Low throughput on Mellanox Connectx-4 via VXLAN tunnel

Hello,

We are trying to setup 2 Linux servers with Mellanox ConectX-4 NICs, the servers are connected to each other via a VXLAN tunnel and we are having some issues with the throughput.

We did some tests with standard IP Forwarding and we managed to get bandwidth speeds up to 39Gbit/s, but when we test the throughput with the VXLAN tunnel the throughput we get is around 10Gbit/s.

CPU Usage with IP Forwarding is less than 5%, when we do the VXLAN test we see that a single core is utilized at 100% on the receiving server. The process consuming the CPU is “ksoftirqd/14”.

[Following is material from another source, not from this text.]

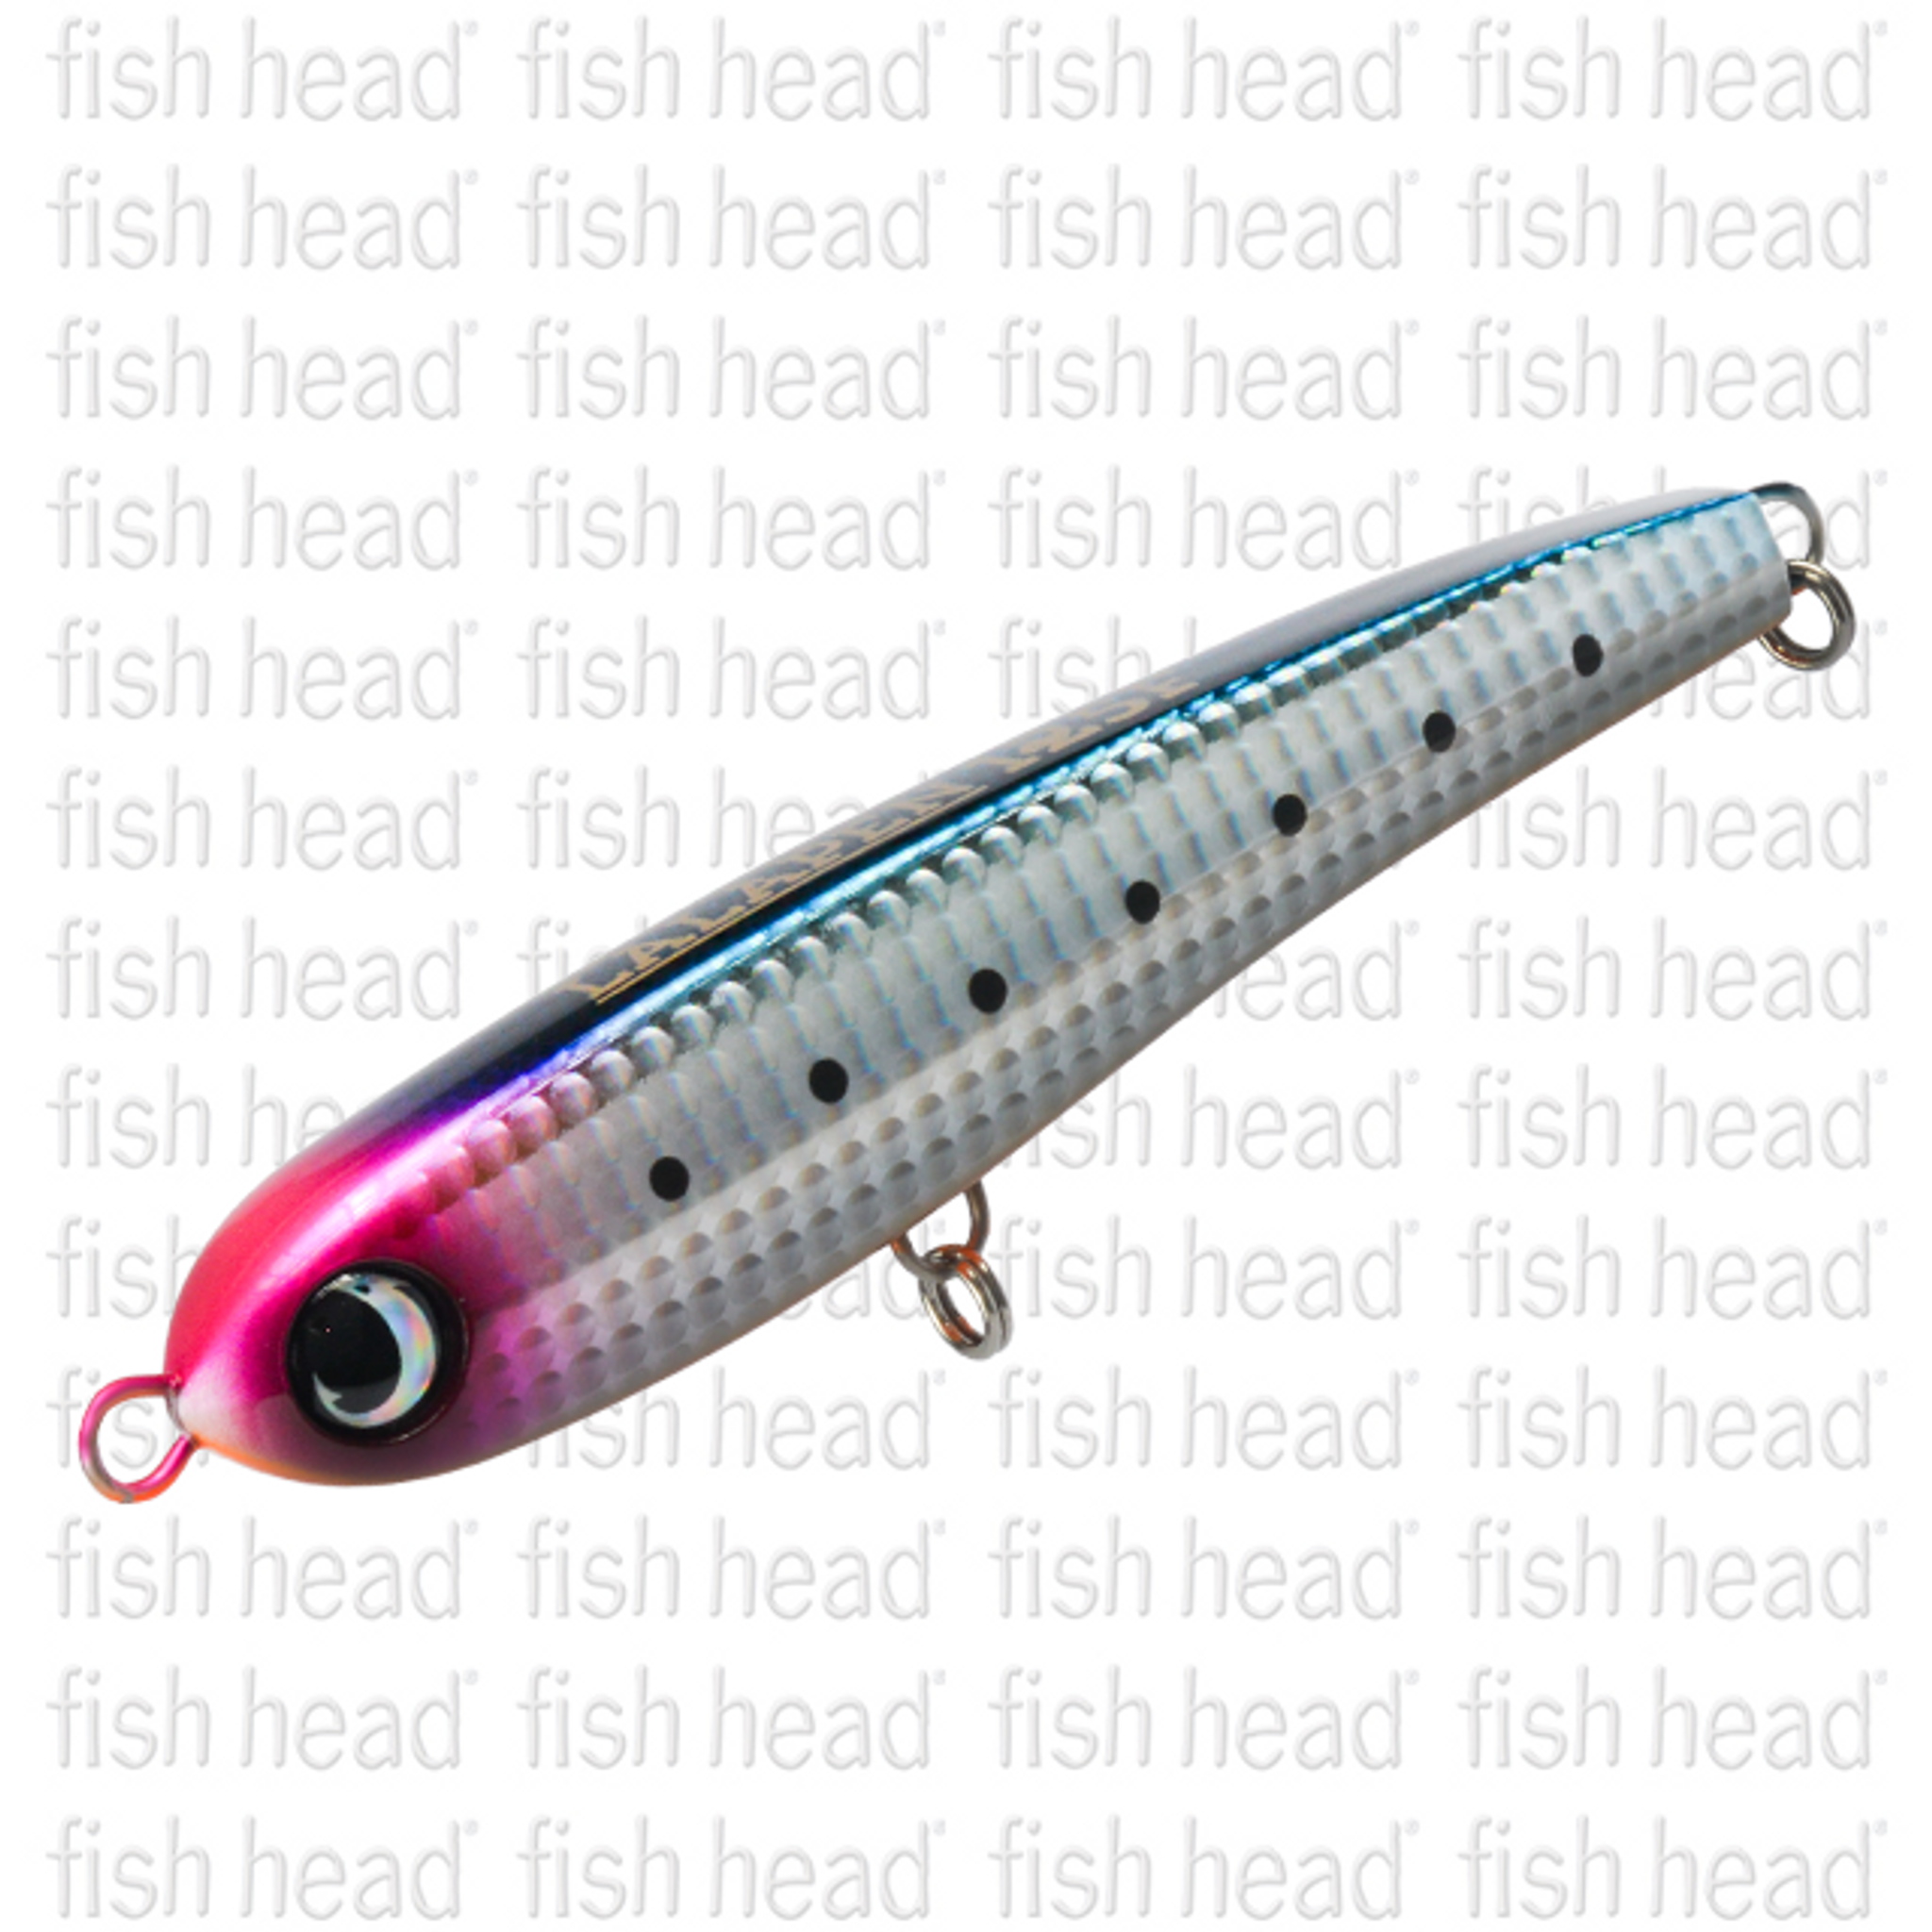 Jumprize Lalapen 125F - Fish Head

We noticed that VXLAN offload is enabled on both server, as per the documentation:

[root@frr-lab ~]# ls /sys/kernel/debug/mlx5/0000:05:00.0/VXLAN/

4789

[root@frr-lab2 ~]# ls /sys/kernel/debug/mlx5/0000:05:00.0/VXLAN/

4789

We also used “mlnx_tune -p HIGH_THROUGHPUT” on both of the servers. We also disabled irqdbalance and used the set_irq_affinity.sh script to bind multiple cores to the NIC.

Bellow you can find some more information regarding our servers:

OS: Fedora 28

Kernel: 4.16.3-301.fc28.x86_64

Mellanox OFED Driver: mlnx-en-4.5-1.0.1.0-fc28-x86_64

ConnectX-4 Firmware: 14.24.1000

System Resources (per server):

2 x Intel(R) Xeon(R) CPU E5-2690 0 @ 2.90GHz

128 GB of Memory

VXLAN is configured as per your documentation via a standard Linux Bridge.

Thank you very much for your time

Hi,

Could you please check your ethtool -k to see if all the features are enabled as required.

See https://community.mellanox.com/s/article/understanding-vxlan-hardware-stateless-offload-ethtool-parameters-for-connectx-4

Thanks

Marc